Calculating the true impact of zip file entries

20 September 2019

How can we determine the impact of each entry on a zip file’s size? It seems like a trivial problem, but things quickly don’t add up.

There’s three built-in ways to read information about the contents of zip file in Java:

Mount the zip as a FileSystem using FileSystems.newFileSystem and then access its contents using Paths.
Open it with ZipInputStream for a one-shot iteration over the zip entries.
Open it with ZipFile for random access to the zip entries.

The first mechanism is extremely convenient. It allows interacting with the contents of a zip file using the same APIs as normal files. Unfortunately, by virtue of being exposed like regular files, you only have one way to check their size: Files.size(Path). This delegates to an API called BasicFileAttributes.size() which returns size of the file contents. While there is a ZipFileAttributes.compressedSize() for returning the size of the compressed contents, it’s internal to the JDK and not available for our use.

The other two mechanisms,ZipInputStream and ZipFile, both expose entries using the ZipEntry type. These being zip-centric APIs, many of the properties of the zip file format are directly available. Notably for our use case, there’s a getCompressedSize() method.
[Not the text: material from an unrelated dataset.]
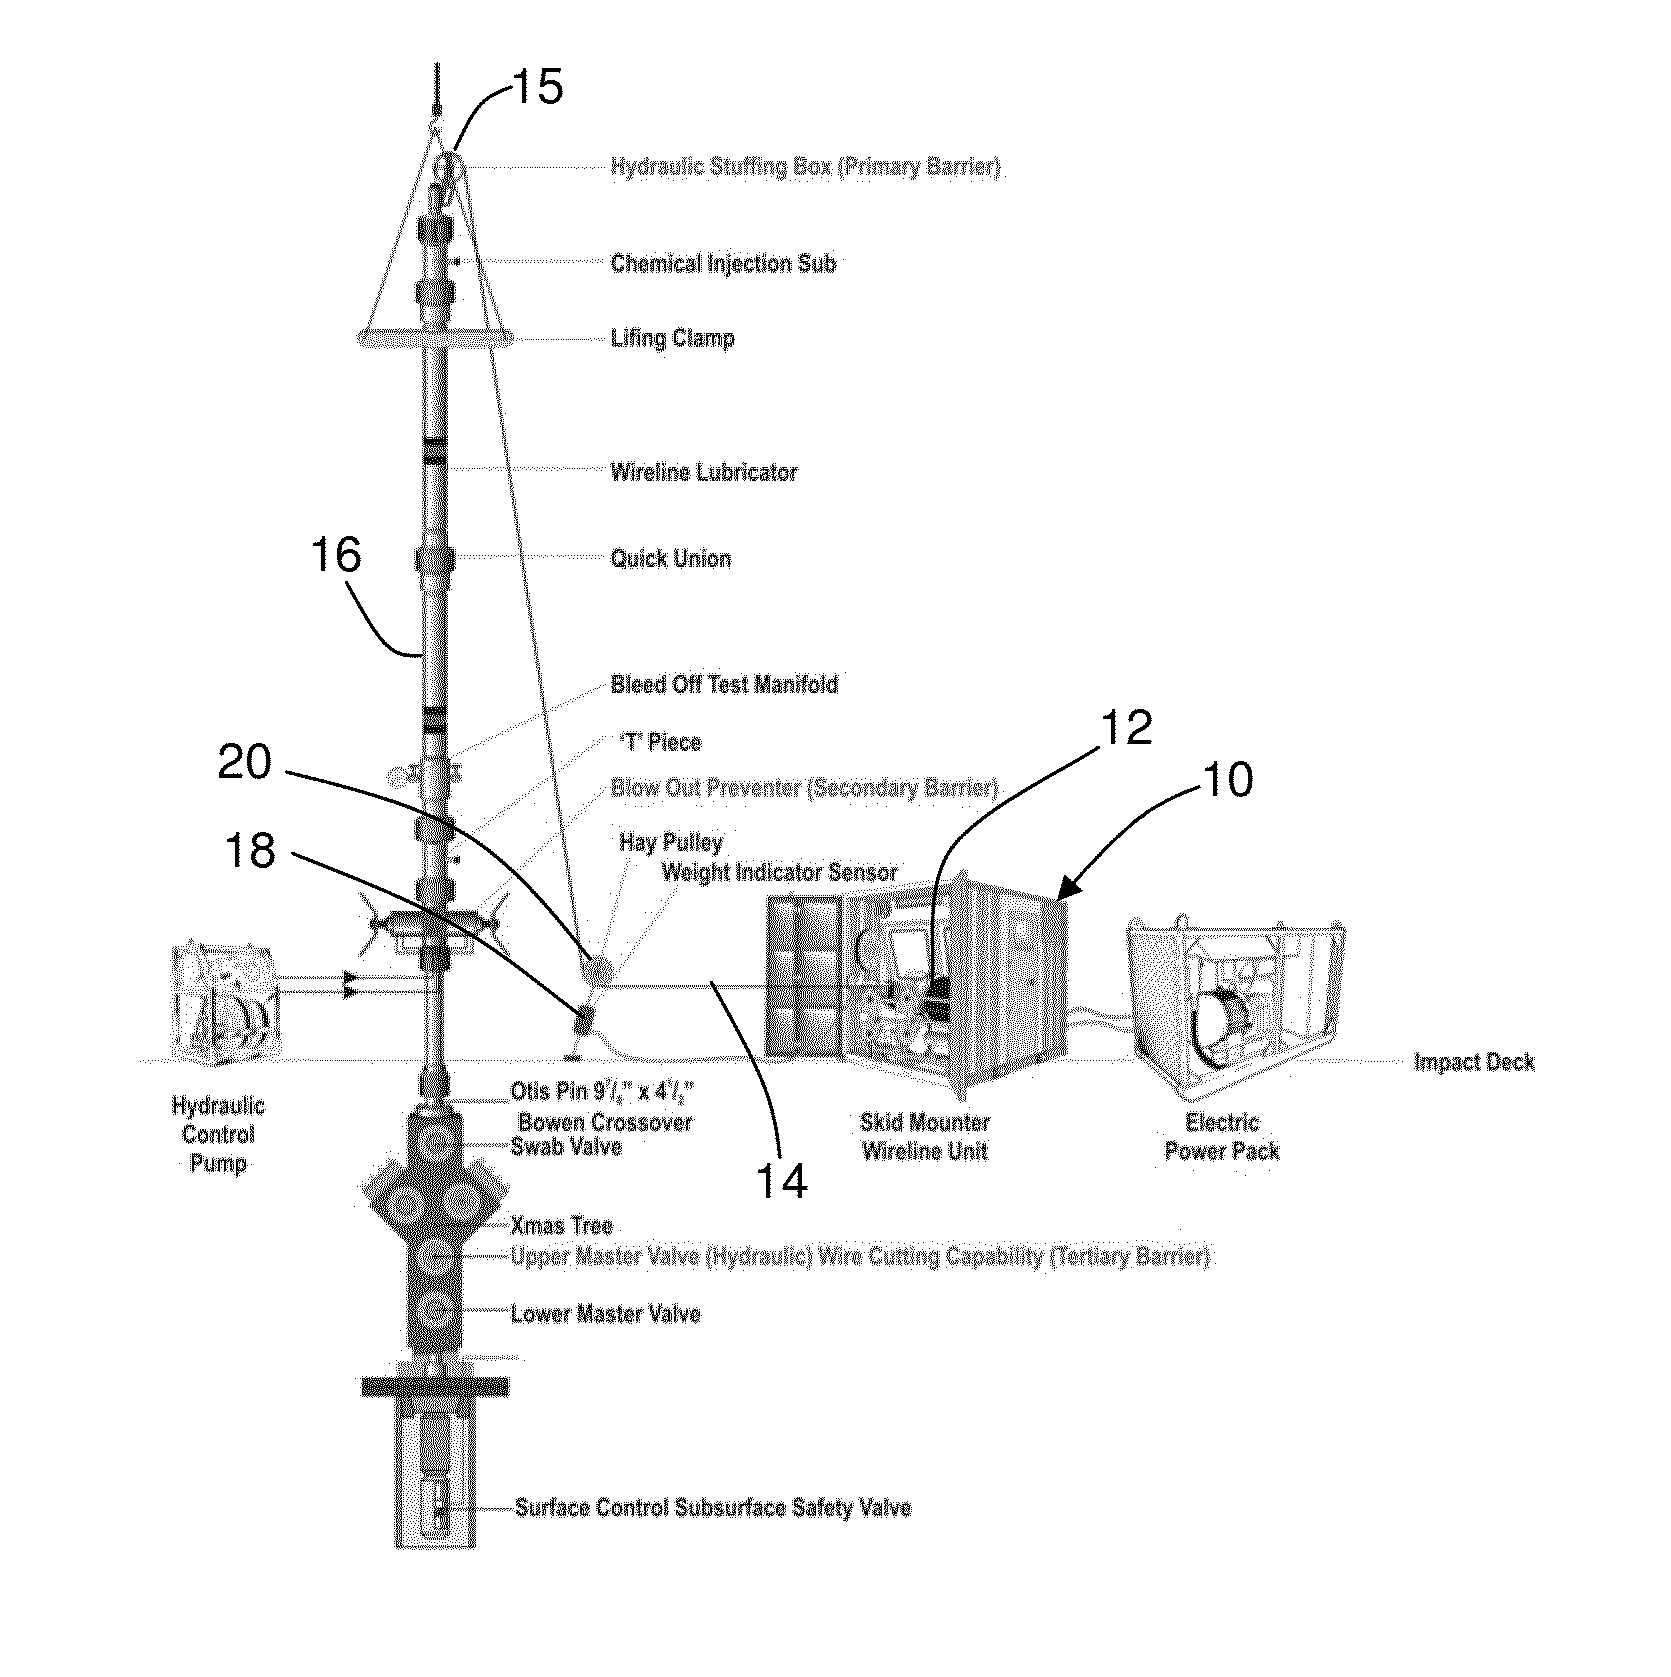 wireline diagrams patent us20140174727 - wireline apparatus - google patents

Problem solved? Not exactly…

If you sum the compressed size of all entries in a zip the result will not equal the size of the zip file. This isn’t entirely unexpected. After all, the zip file format surely requires additional metadata to track per-entry information like the relative path of each compressed file.
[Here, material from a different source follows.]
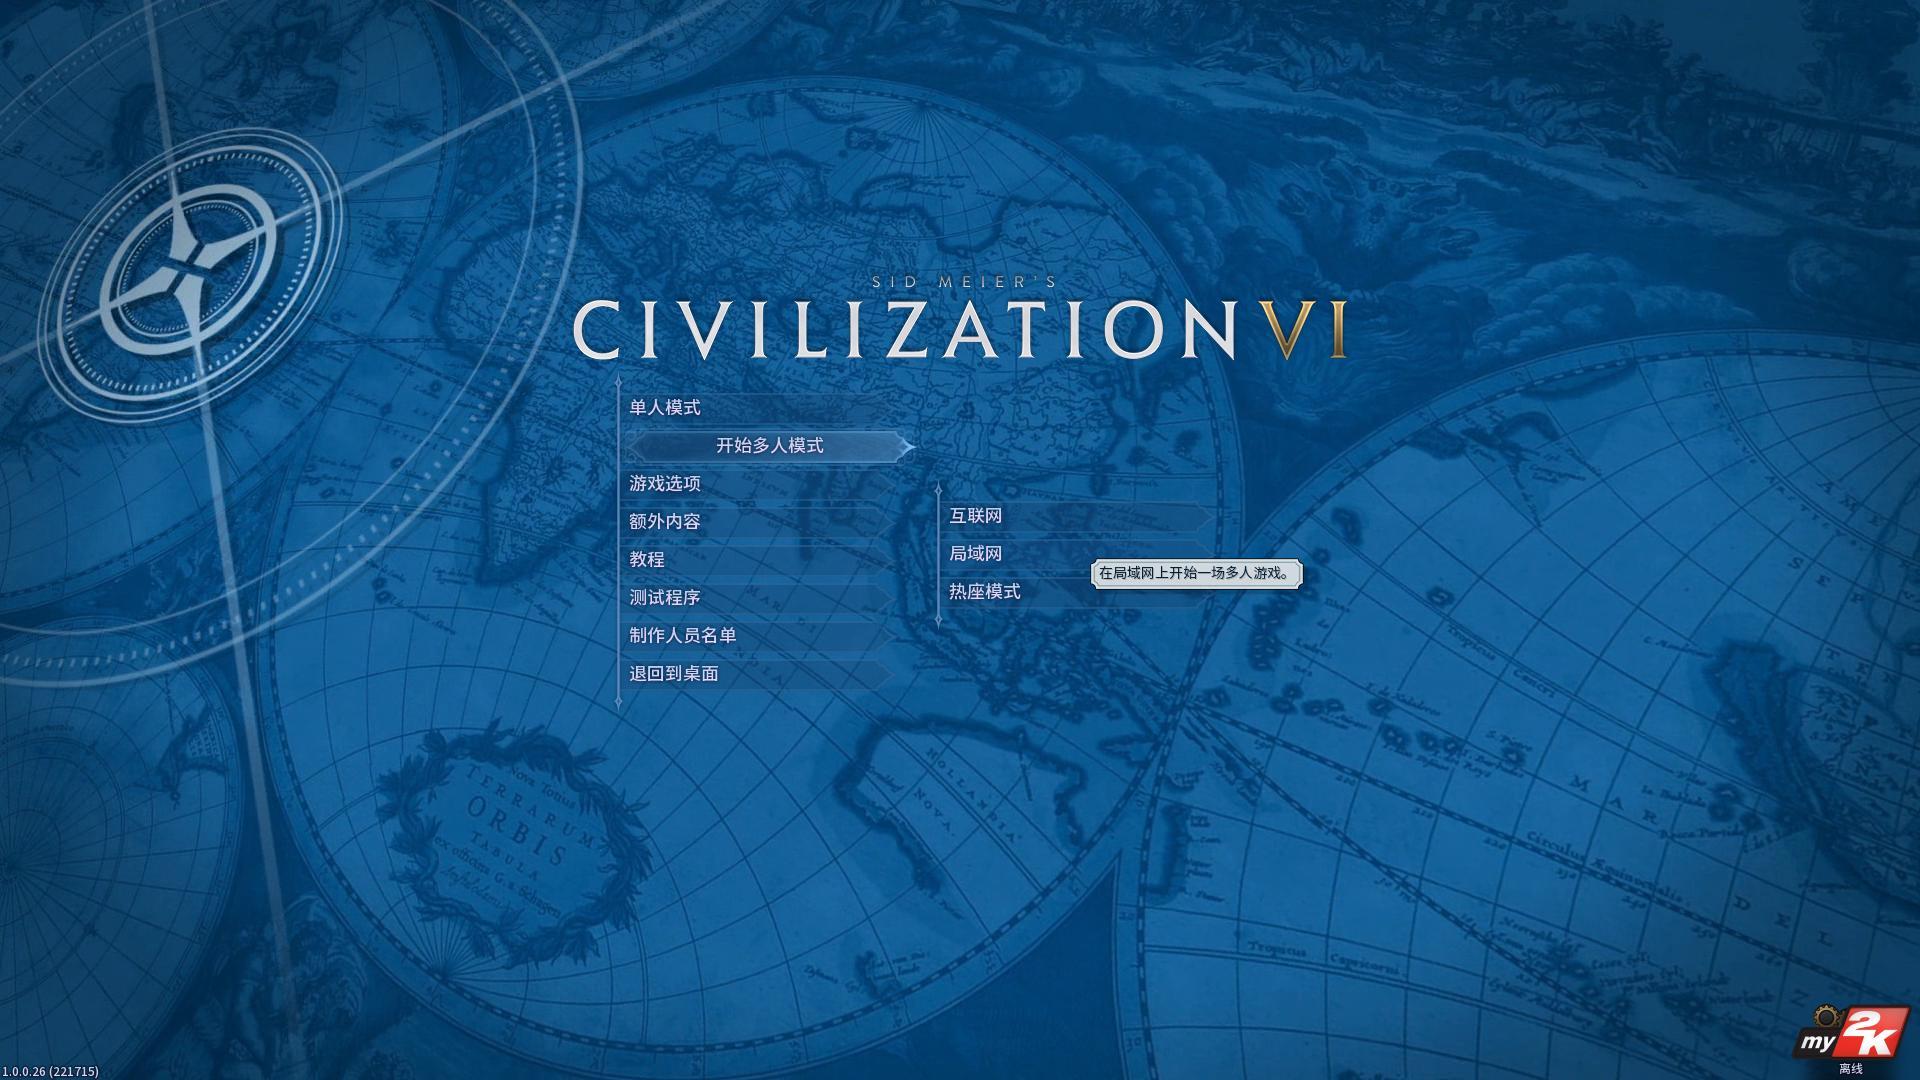 CivilizationVI 2016-10-21 15-09-38-06.jpg

So if we’re looking to calculate the actual size impact of an entry on the final zip, can we do it?

Zip file format

An overview of the zip file format specification can be found on Wikipedia. It consists of a list of entries which are each defined as header followed by the compressed data (whose length is specified in the header). Finally, at the end, there is a central directory which lists all of the entries available in the file.

A slight tangent: Given this format, it’s pretty obvious how ZipInputStream and ZipFile work. The former simply iterates forward through the bytes reading each entry as it comes. The latter parses the central directory at the end and then jumps to the offset of whichever entry you request.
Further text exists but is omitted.